Hairstylist Nga Nguyen, 51, who keeps tabs on community publications, said she saw a rise in the number of lawyers adding divorce to their repertoire of personal injury and immigration services. She left her marriage to a Boeing engineer over 10 years ago.
“I was very bold,” she recalled. “My husband was someone who did not follow his own will, living under too much influence from his family. I didn’t have any rights being with him, and I asked why not? Why tolerate that?”
The Santa Ana mother of two said her youngest child, Benjamin, 18, told her:
“Mom, one person likes to turn on the light, one person likes to turn off the light. You and Dad are like that, and why keep fighting? You each can get your own house and do whatever you like.”

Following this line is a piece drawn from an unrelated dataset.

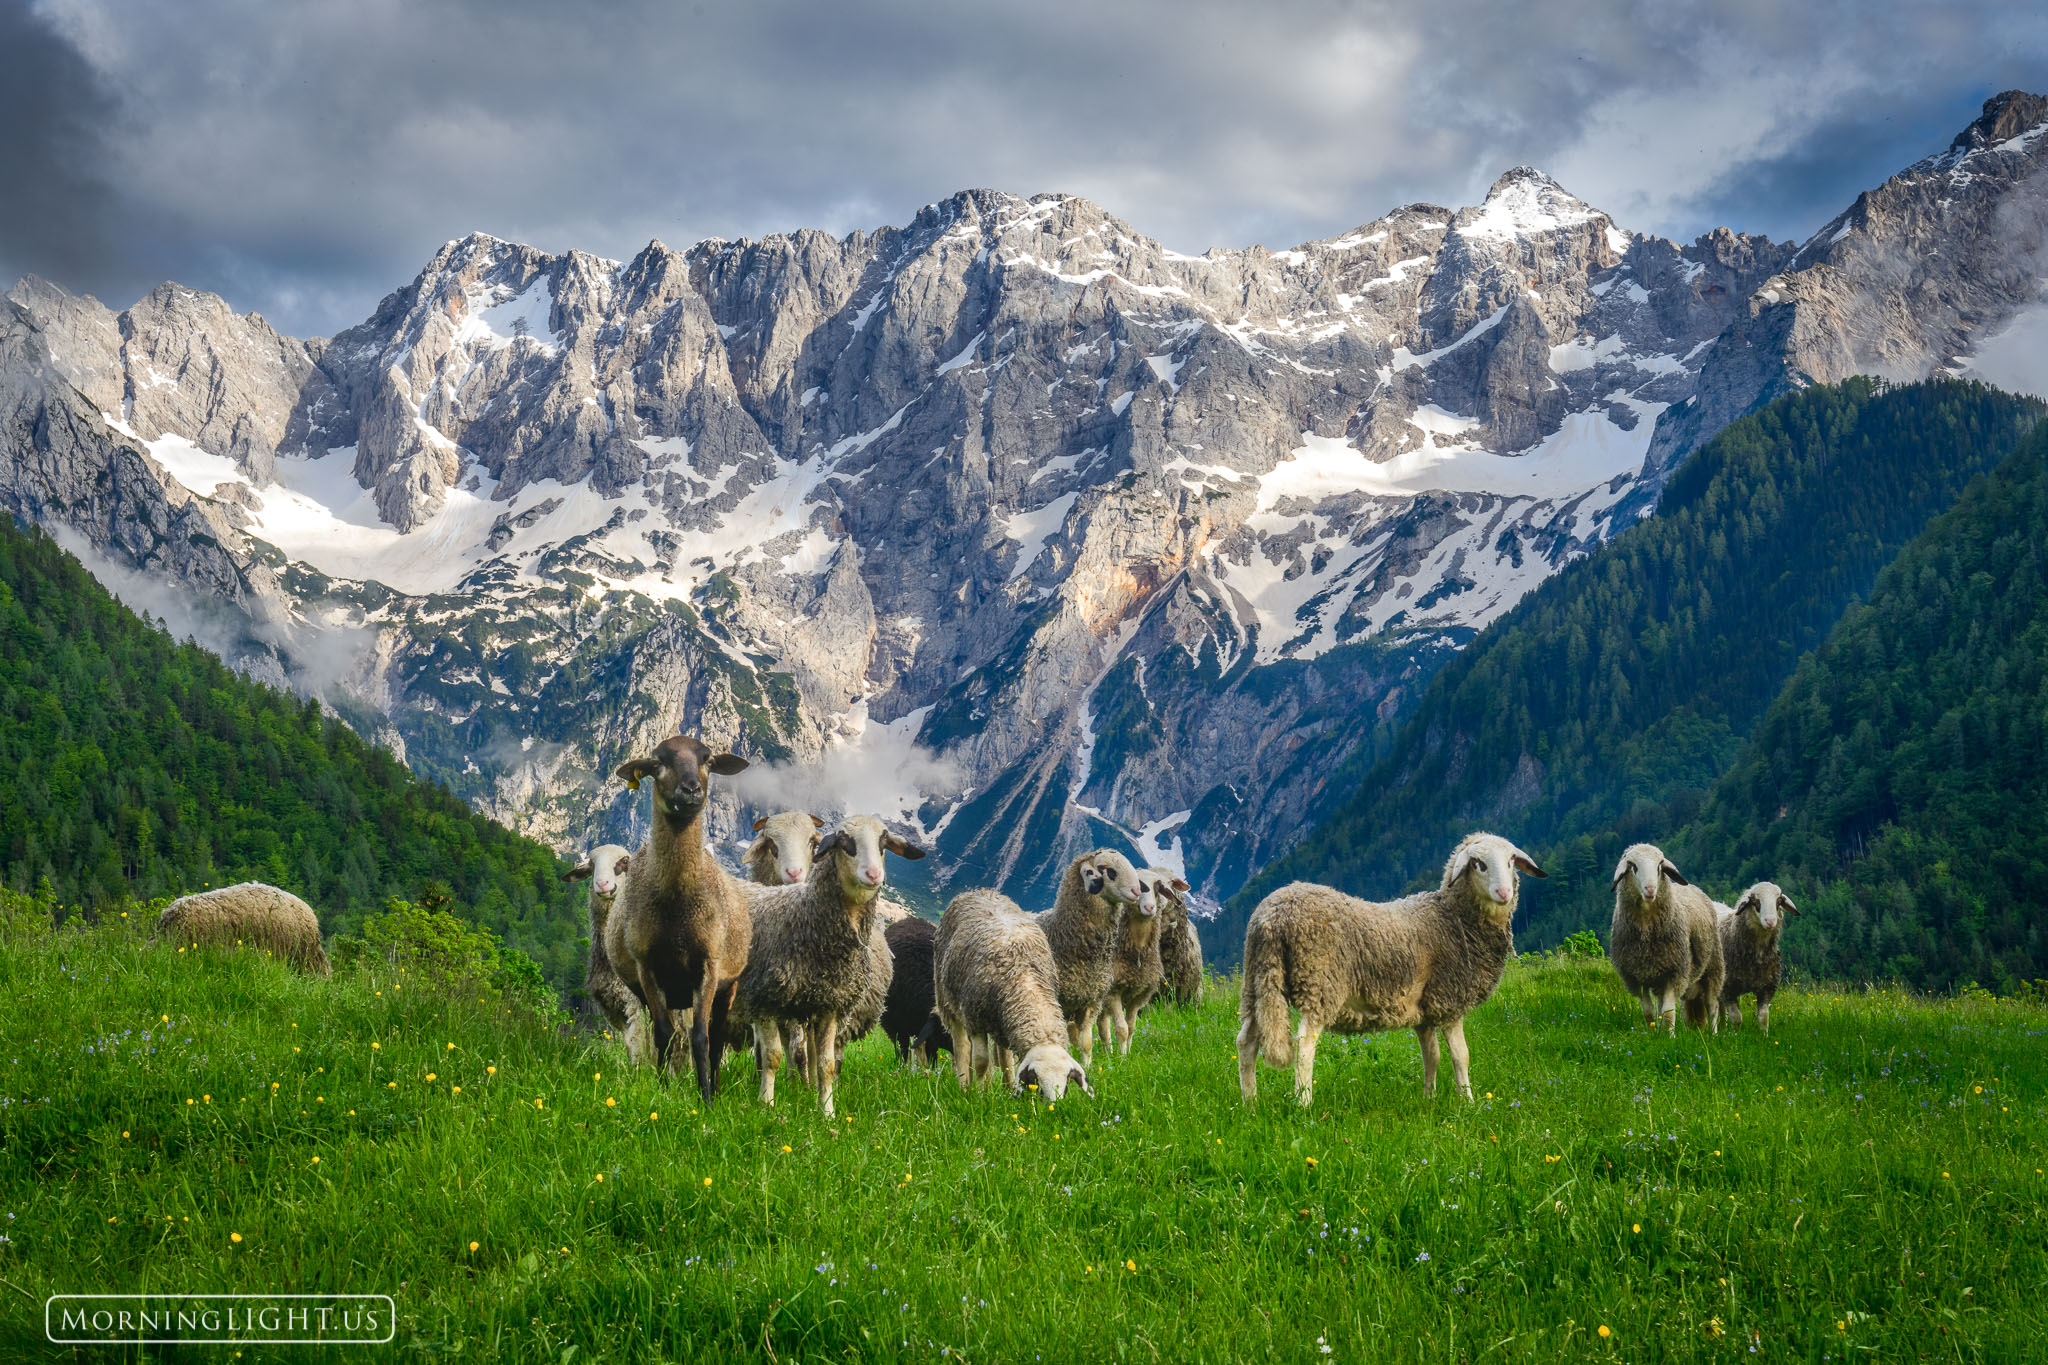 A herd of sheep enjoy life in the Slovenian high country. Can you imagine a better place to be a sheep?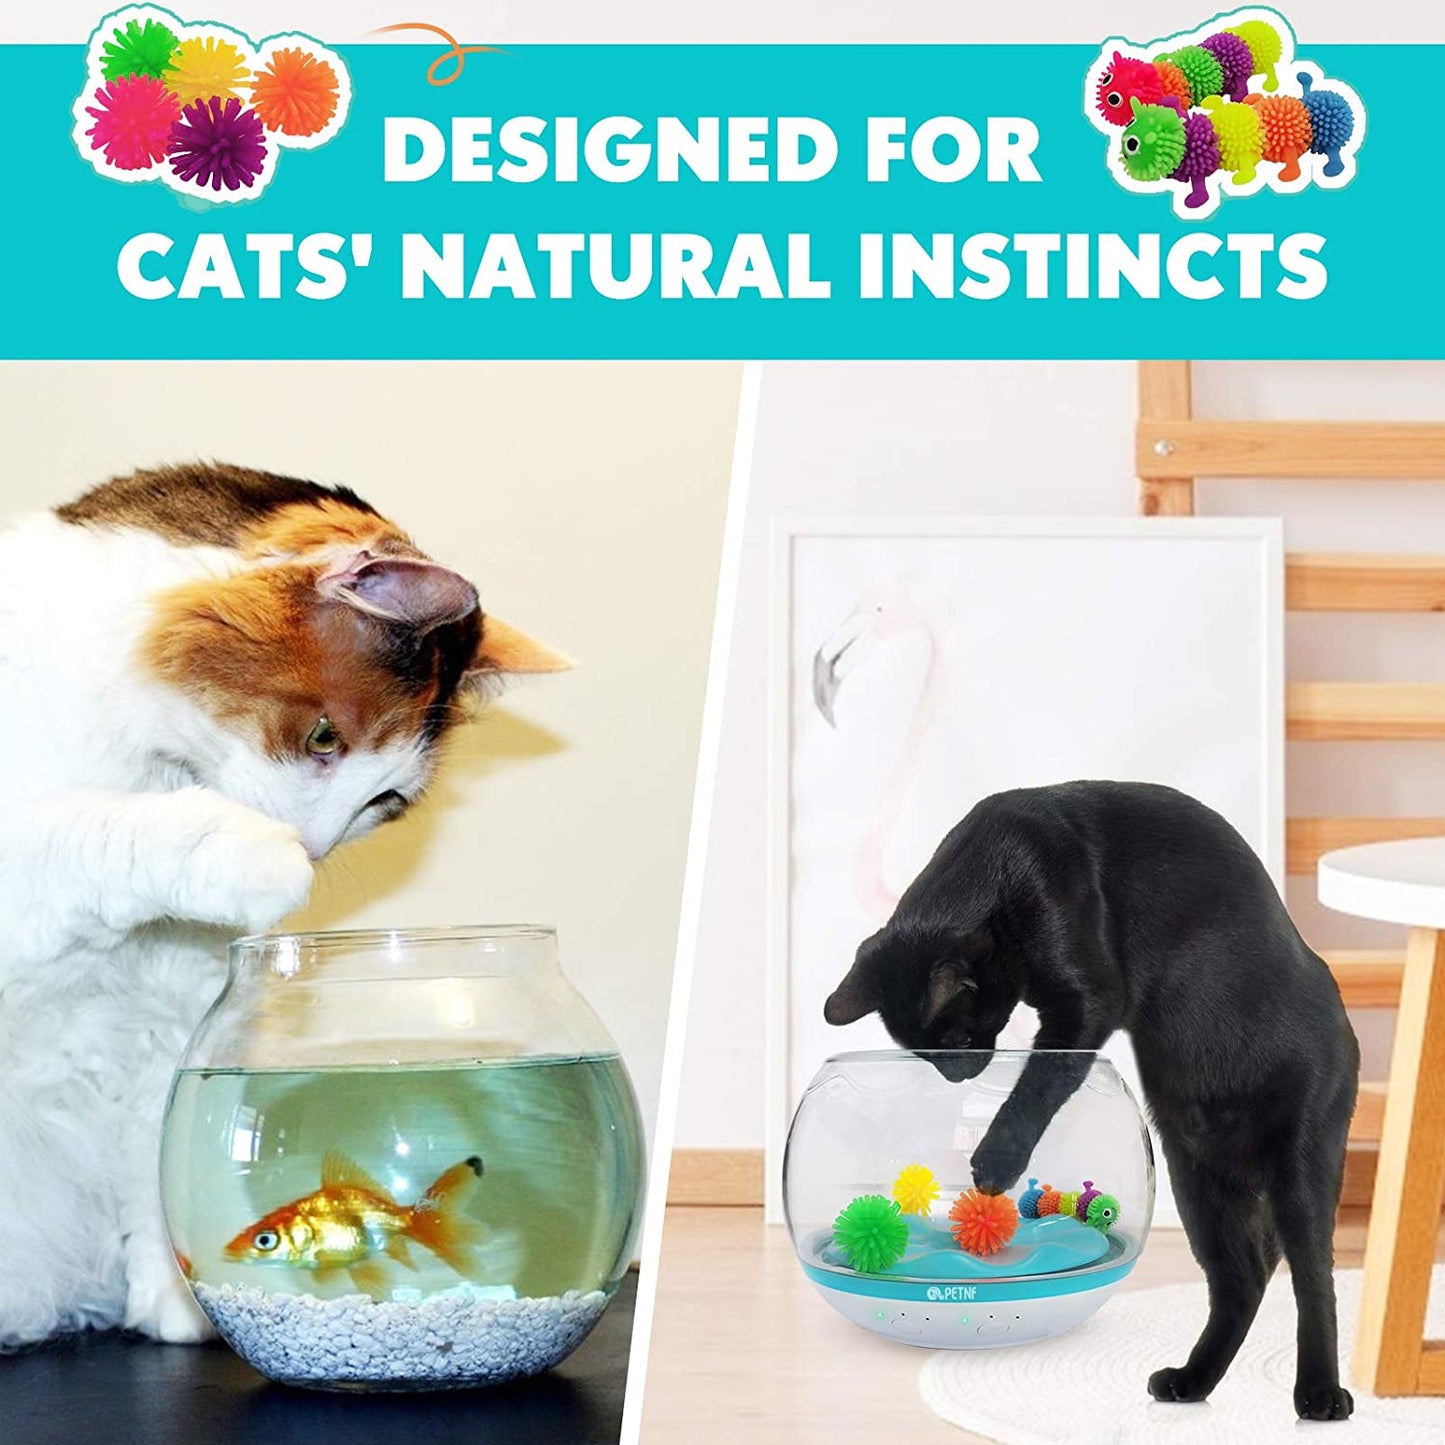 Newest Interactive Cat Toy,Fish Bowl-Shaped Kitten Toys,Cat

Nguyen said “that sums up Vietnamese kids in America. They have the liberal mindset of Americans.”
Taylur Ngo, 38, sat with her parents for three hours, talking about the possibility of divorce back in 2013.
“They were very surprised. They had no idea we were on the verge,” said the San Diego marketing manager. “But ultimately, they supported me. They offered me unconditional love in the face of something they were very unfamiliar with — even if I disappointed them.”
Ngo said the change was the inevitable result of people who came as refugees becoming full-fledged Americans.
“Vietnamese parents say: ‘Don’t become an artist. Don’t be gay. Don’t get divorced.’ The taboos are unnecessary,” she said. “We have become citizens of both worlds. And part of the American experience is to embrace what you’re so scared of in the old country.”